Suppose that determinism is true. Then determinism guarantees that scientists will believe the hypotheses they do believe them whether they're true or not. If determinism guarantees that each person believes what he does believe whether his belief is true or not, why should I trust any scientist's scientific judgment any more than I trust my own scientific judgment when he and I draw opposite conclusions under the same conditions? On the same supposition, deterministic factors force him to believe what he believes, the same factors force me to believe the opposite conclusion. They may even guarantee that no one can know whether either conclusion is true. Sometimes science undermines its own credibility with its own theories.

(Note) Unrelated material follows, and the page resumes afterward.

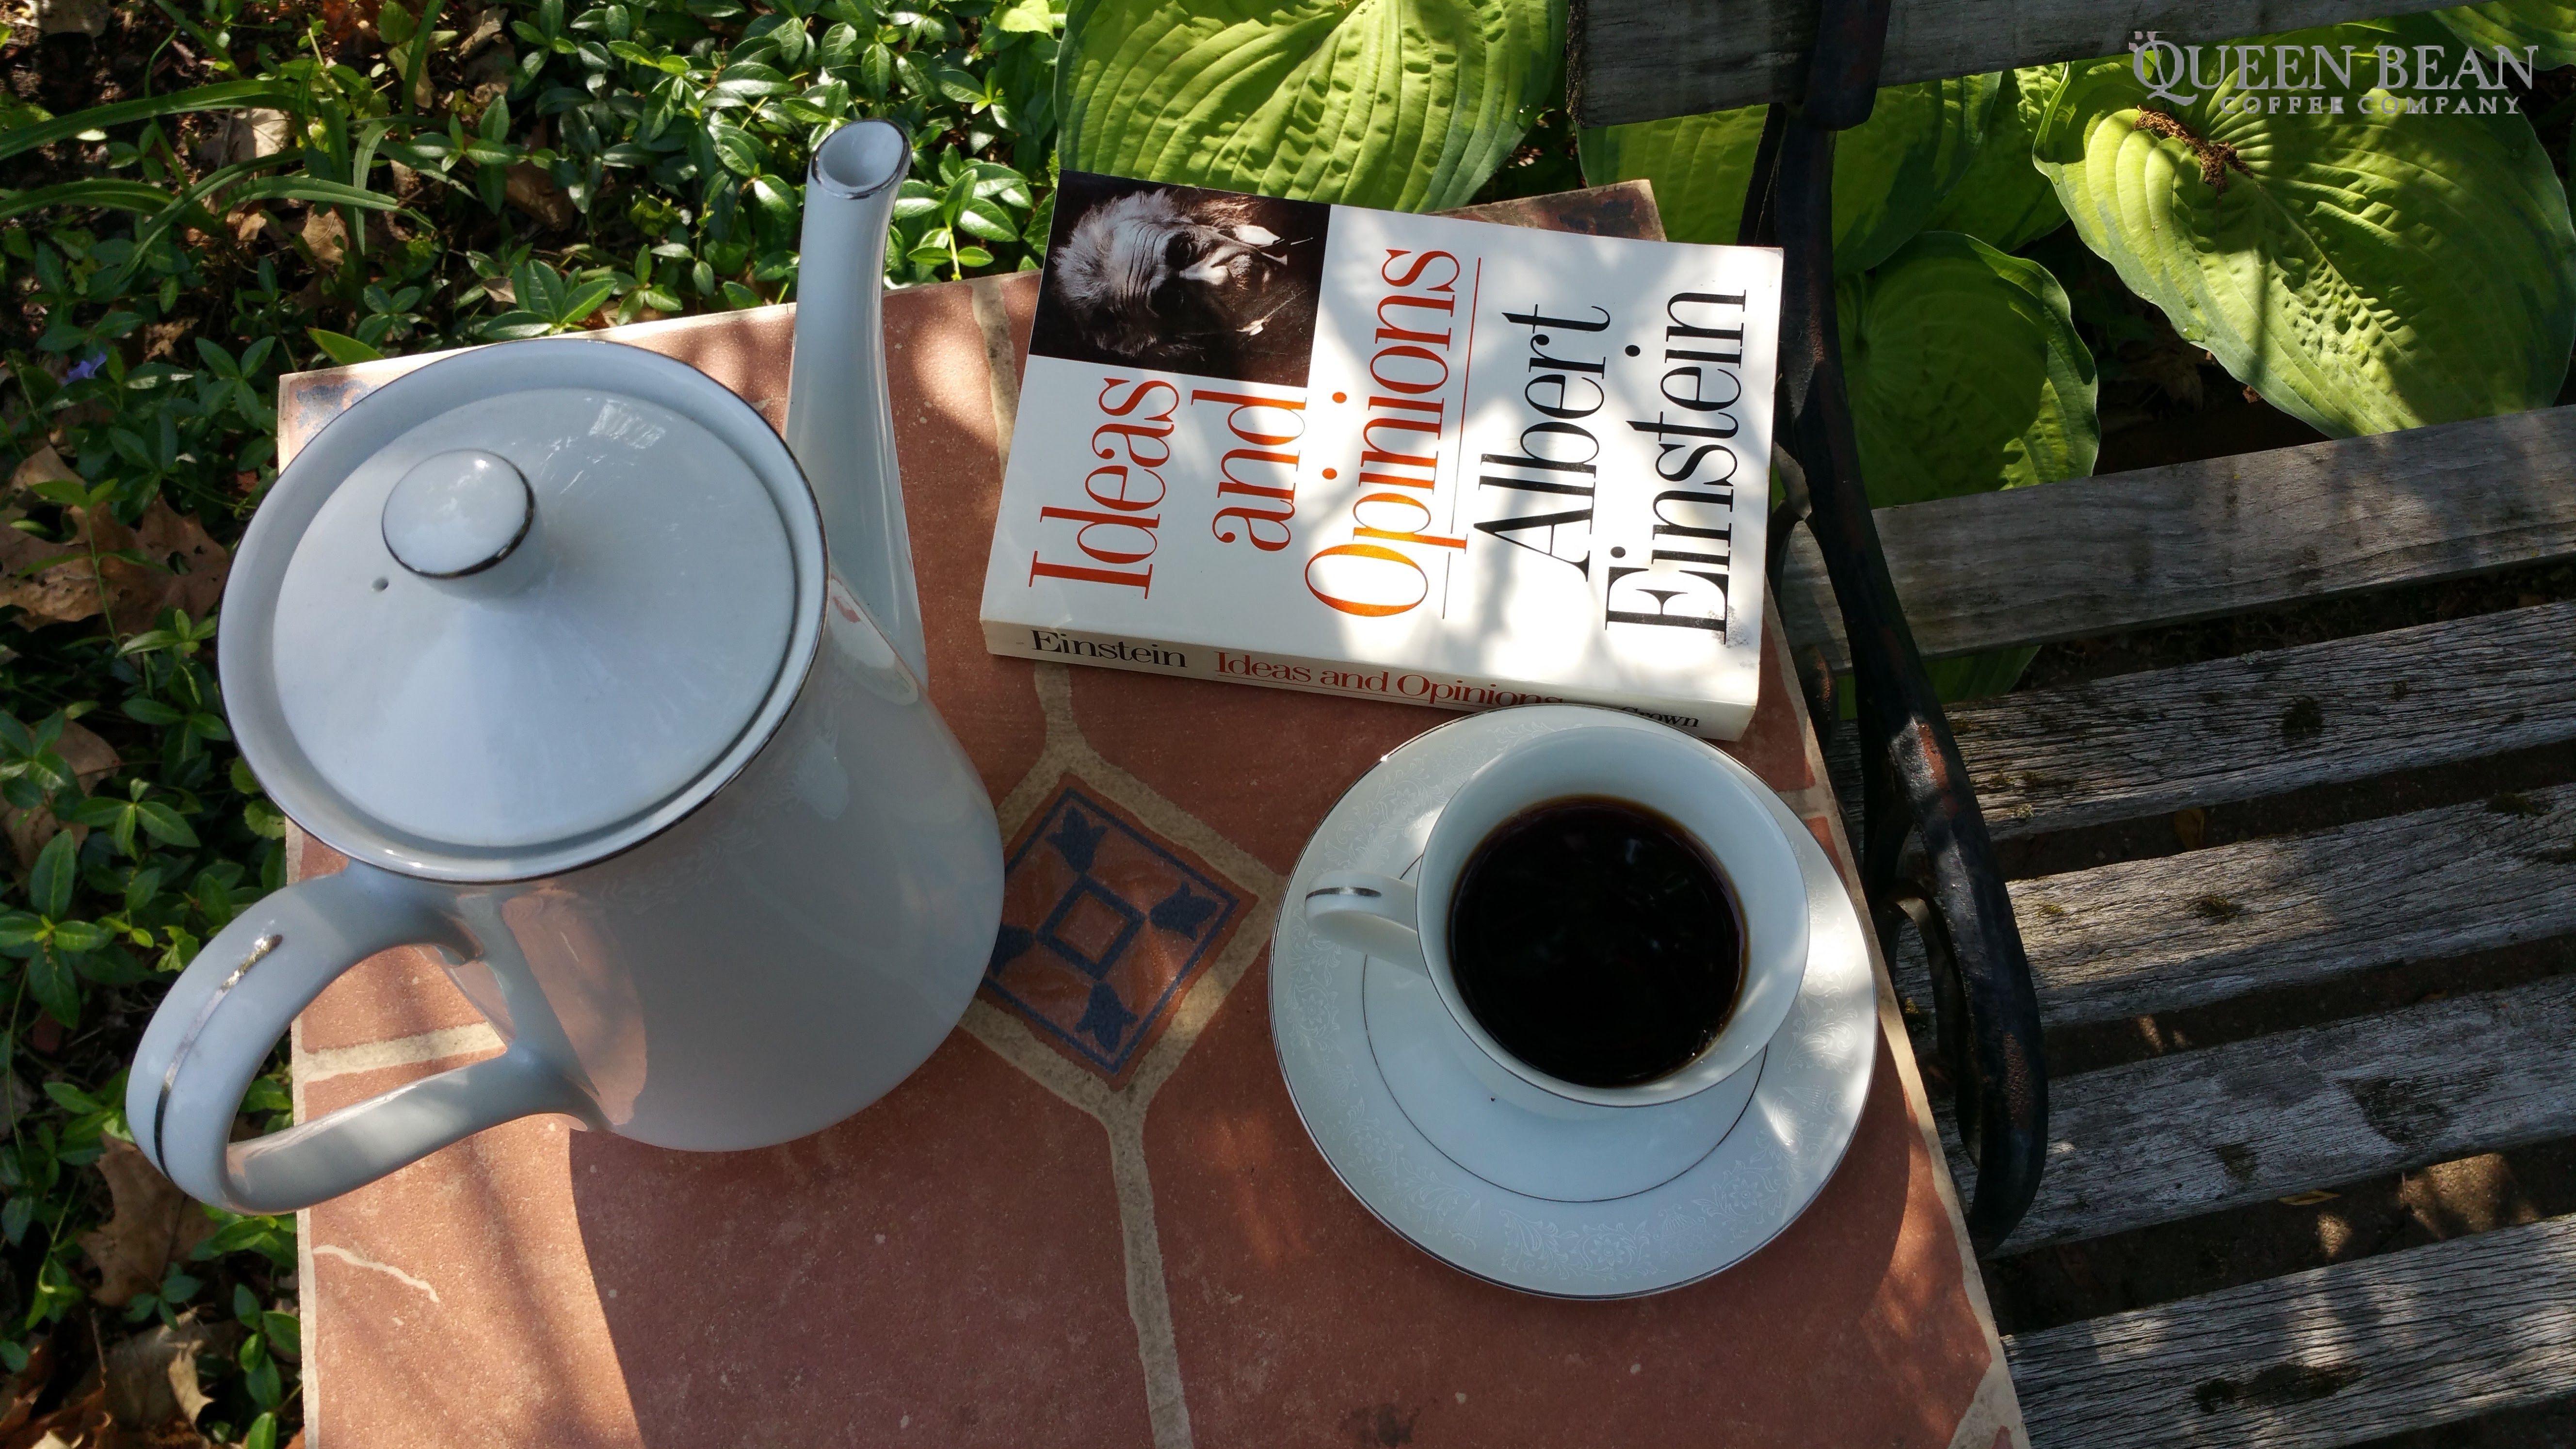 Coffee Einstein Book Reading Urbanparadise Millscoffeeroasting Thequeenbean Coffee Company Coffee Beans

That's why scientists need to know some philosophy because they need to reason about truths that are more general than scientific ones. Richard Weaver writes:
The theory of empiricism is plausible because it assumes that accuracy about small matters prepares the way for valid judgment about large ones. What happens, however, is that the judgments are never made. The pedantic empiricist, buried in his little province of phenomena, imagines that fidelity to it exempts him from concern with larger aspects of reality-in the case of science, from consideration of whether there is reality other than matter (Weaver 60)

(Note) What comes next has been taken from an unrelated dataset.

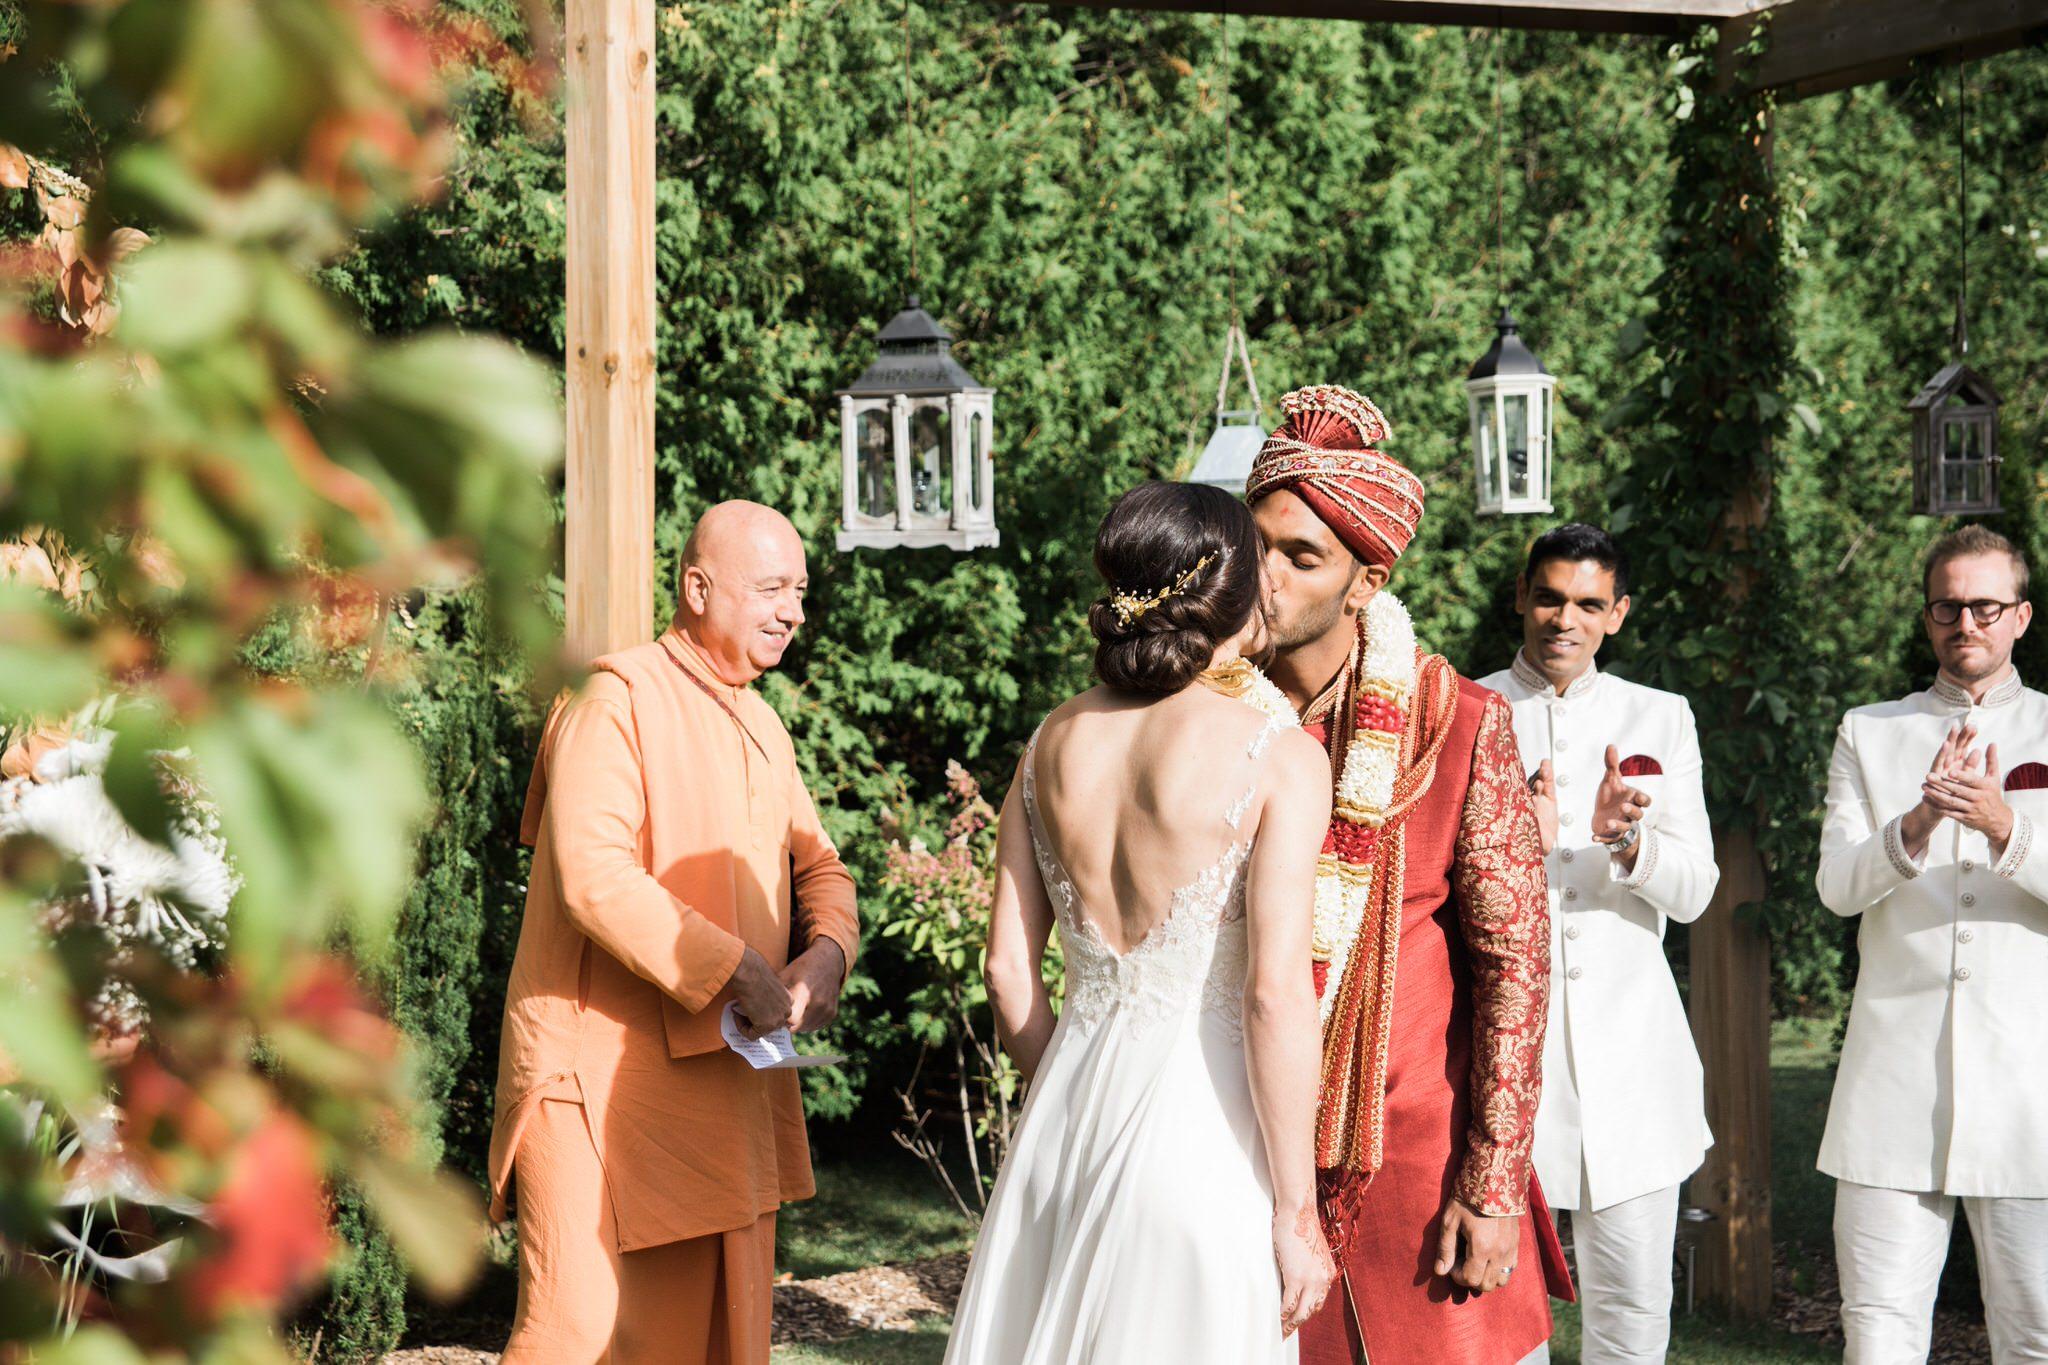 Northview Gardens Wedding - first kiss

Weaver believes that sensory experience is only an indirect source of knowledge because we need to know first principles before we can know any other truths. For him, we abstract from particular objects, too. So I think he would he would agree with St. Thomas Aquinas and me. For the saint and me, people abstract completely general ideas from what experience tells us. After you experience enough trees, you'll know what all trees have in common that distinguishes them from every other kind of object. You'll know an essence. You'll discover what you might call "tree-ness," and tree-ness is what you describe in a real definition, a definition that defines a thing rather than a word.
Weaver, Richard M.
Ideas Have Consequences. Chicago: University of Chicago Press, 1948.